Sector 62 (commonly known as Phase 8) is  locality, with important administrative buildings located in Mohali, Punjab. Gurdwara Amb Sahib, historical Gurdwara related to Guru Har Rai is situated here. It is covered with Lamba, Sector 69, 63 and Phase 7, Mohali. The only bus stand of Mohali is present in this sector.
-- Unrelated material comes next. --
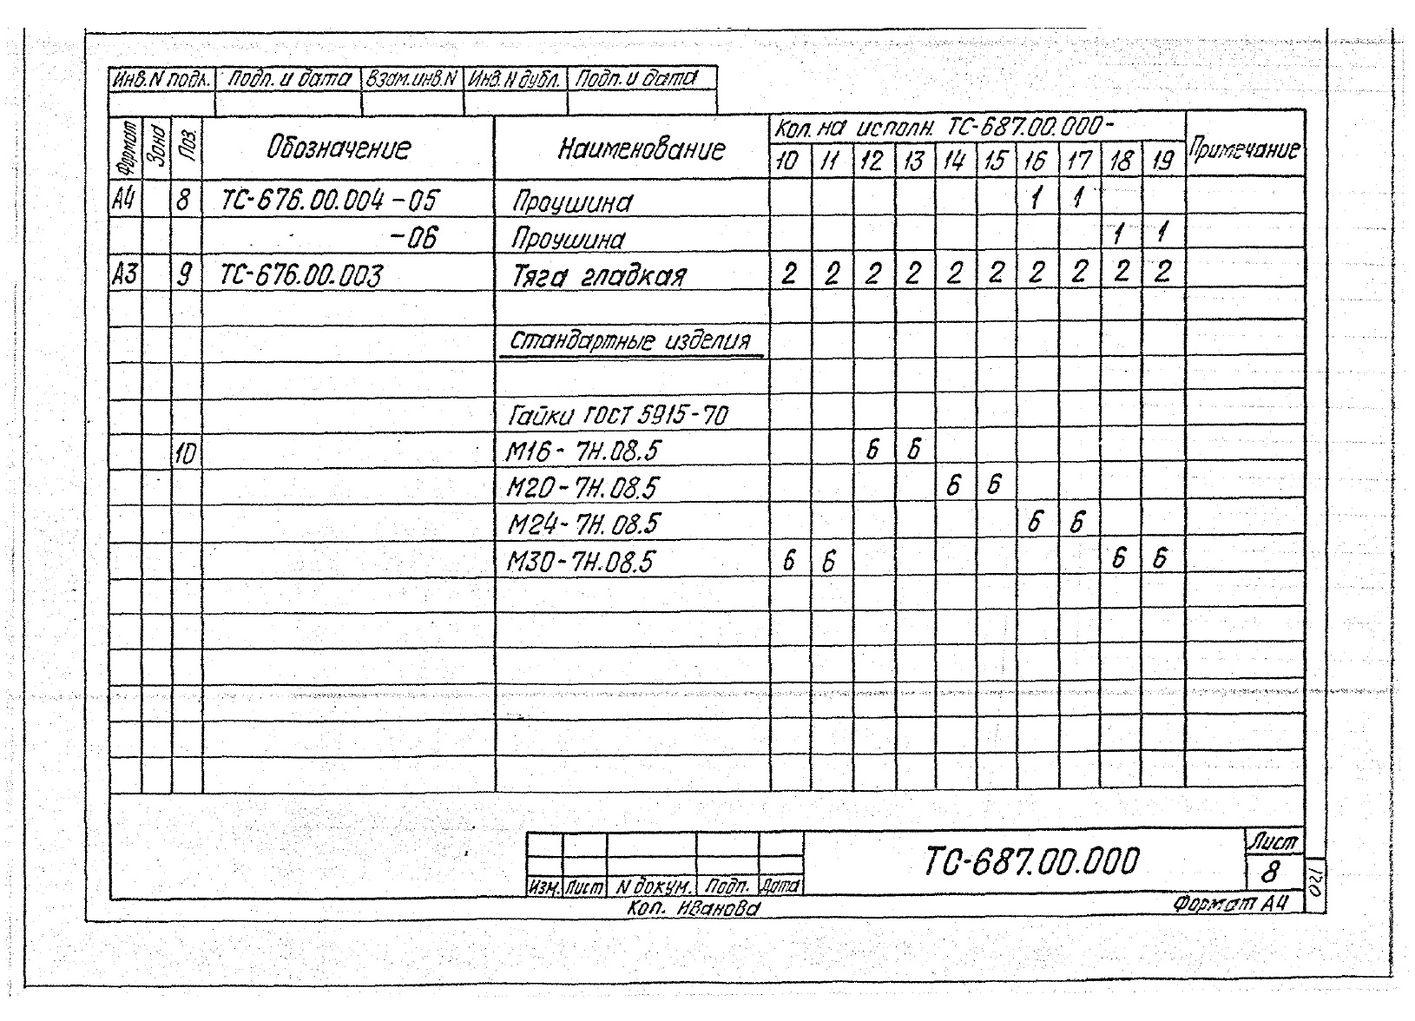 Подвески пружинные для горизонтальных трубопроводов Дн 159-426 мм ТС-687.00.000 СБ серия 5.903-13 выпуск 6-95 стр.11
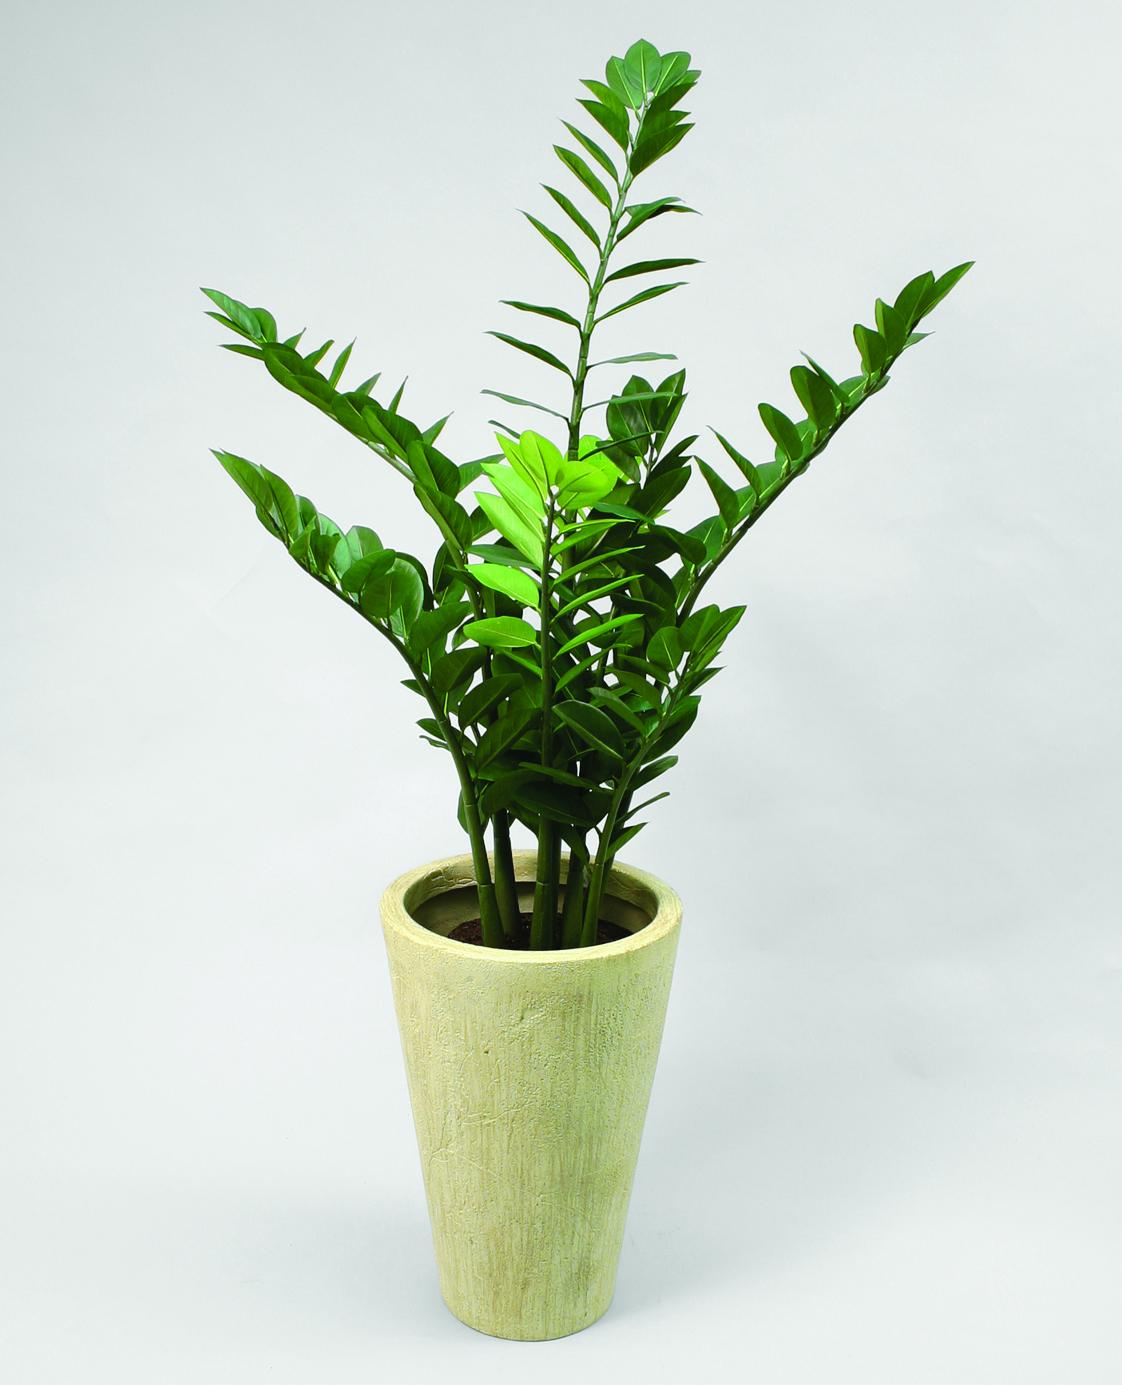 Zamifolia

Various parks includes Dusshera Ground, Sabzi Mandi etc.

Facility

Administrative Offices
 Punjab Urban Planning and Development Authority, Headquarters
 Punjab School Education Board, Headquarters
 Rural Development and Panchayati Raj, Headquarters
 Regional Transport Authority
 Police Station, Phase 8
 Mohali Bus Stand

Healthcare
 Fortis Healthcare
 Cosmo Hospital

Religious
 Gurdwara Amb Sahib - Historical shrine of Sikhs
 Gurdwara Angitha Sahib - Shrine of Sant Isher Singh.

Access
Sector 62 is situated on Mohali  road. It is well connected with road, rail and air. The nearest airports are Chandigarh Airport and railway station at Industrial Area - Phase 9. Auto rickshaw are easily available for commuting. A few CTU local buses also available.